Ще один проект BSC: 7.2 мільйона доларів, вичерпані з BurgerSwap в результаті флеш-кредитної атаки

Another protocol employing the Binance Smart Chain has suffered a security breach. This time, it was the decentralized exchange BurgerSwap, and the perpetrators stole over $7 million through a flash loan attack.

$7.2M Drained From BurgerSwap

Launched earlier this year, BurgerSwap is a DeFi project enabling users to swap between tokens issued on the BSC and earn rewards for providing liquidity. Earlier today, the protocol took it to Twitter to виділити the security breach it had experienced.

It all happened on May 28th, and the perpetrators chose a rather notorious and common way to exploit the protocol – through a flash loan attack. They manage to drain $7.2 million from BurgerSwap via 14 transactions.

They created their own Fake Coin and formed a new trading pair with BURGER – the native crypto token of BurgerSwap. Later, the perpetrators adjusted the routing to – BURGER -> Fake Coin -> Wrapped BNB.

They used the BURGER/Fake Coin trading pair to re-enter BurgerSwap through Fake Coin and manipulated the number of reserve0 and reserve1 in the contract, causing a significant price change.

By re-entering the transaction again and trading back to WBNB, the hackers managed to obtain the extra amount of WBNB inputted. As such, they flash swapped 6,000 WBNB ($2 million) from PancakeSwap and then almost all WBNB to 92,000 BURGER on BurgerSwap.

6/9

(3) Created pair with a fake token on BurgerSwap & added 100 fake tokens and 45k $ БУРГЕР to pool;
(4) Swapped 100fake tokens to 4,400 $ WBNB through the pool;
(5) Because of reentrancy in time of transfer fake token, attacker did another swap from 45k $ БУРГЕР до 4.4к $ WBNB; pic.twitter.com/SeVcE2bJ6w

- BurgerSwap (@burger_swap) Травень 28, 2021

Ultimately, they stole 4,400 WBNB ($1.6M at the time), 22,000 BUSD, 2.5 ETH ($6.8K), 432,000 BURGER ($3.2M), 142,000 xBURGER ($1M) and 95,000 ROCKS.

The DeFi project has suspended all its services as of now and волі “surely work hard to cover users’ loss.”

Не Перший

The BSC’s rapid growth since inception caught the attention of bad actors, and the number of attacked protocols using the network has exponentially increased in recent months.

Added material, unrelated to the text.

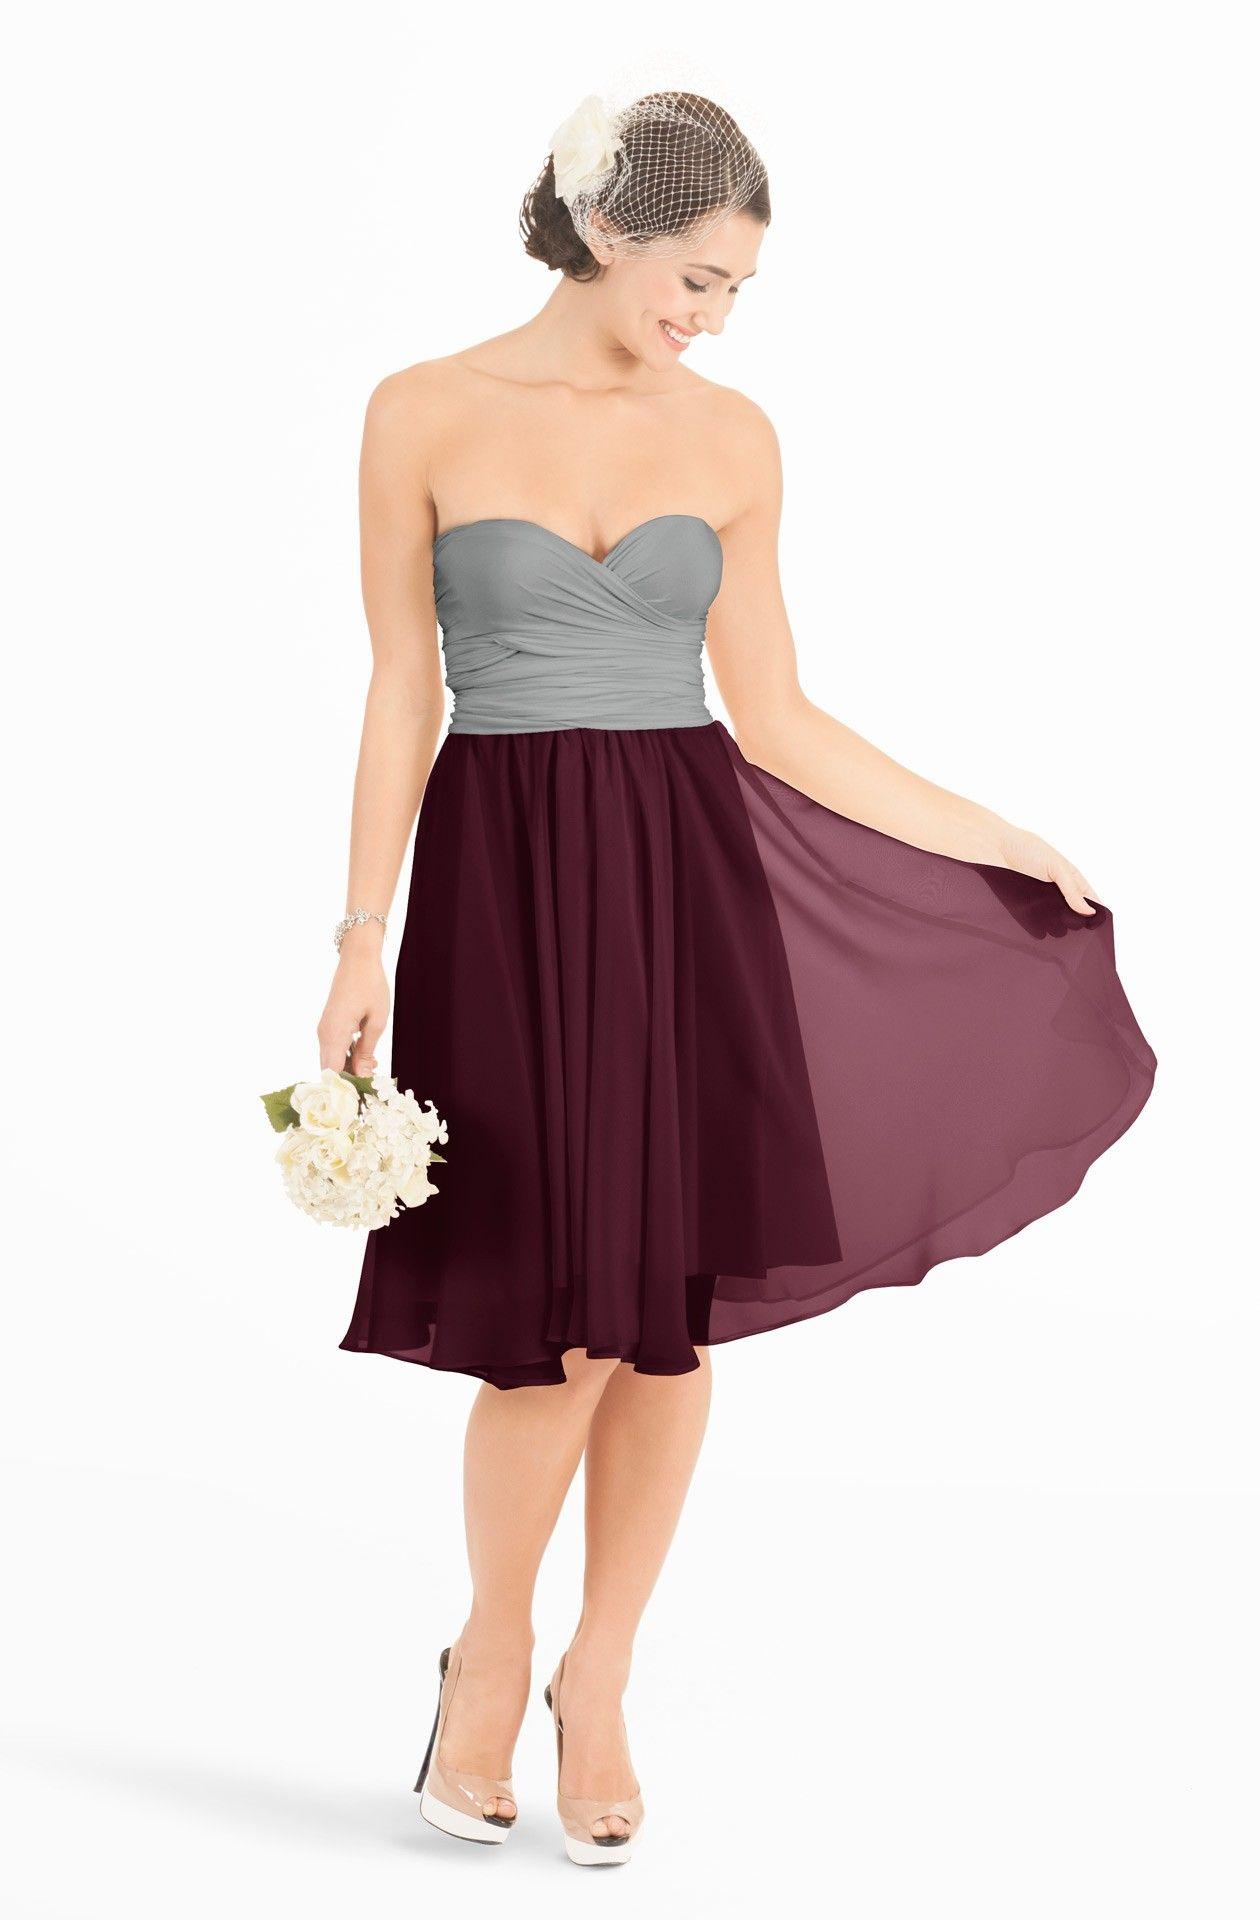 Hana burgundy wine midi chiffon overlay wedding colors burgundy

Криптовалюта має повідомляє some of the examples, including Spartan Protocol. The attack transpired earlier in May and resulted in the loss of over $30 million of users’ funds.

Shortly before that one was Uranium Finance’s turn. The BSC-employing automated market maker saw roughly $50 million вкрали from its network, but some suggested that it could have actually been a rug pull.

Similar concerns came from Meerkat Finance after $30 million was злиті from the protocol in March this year.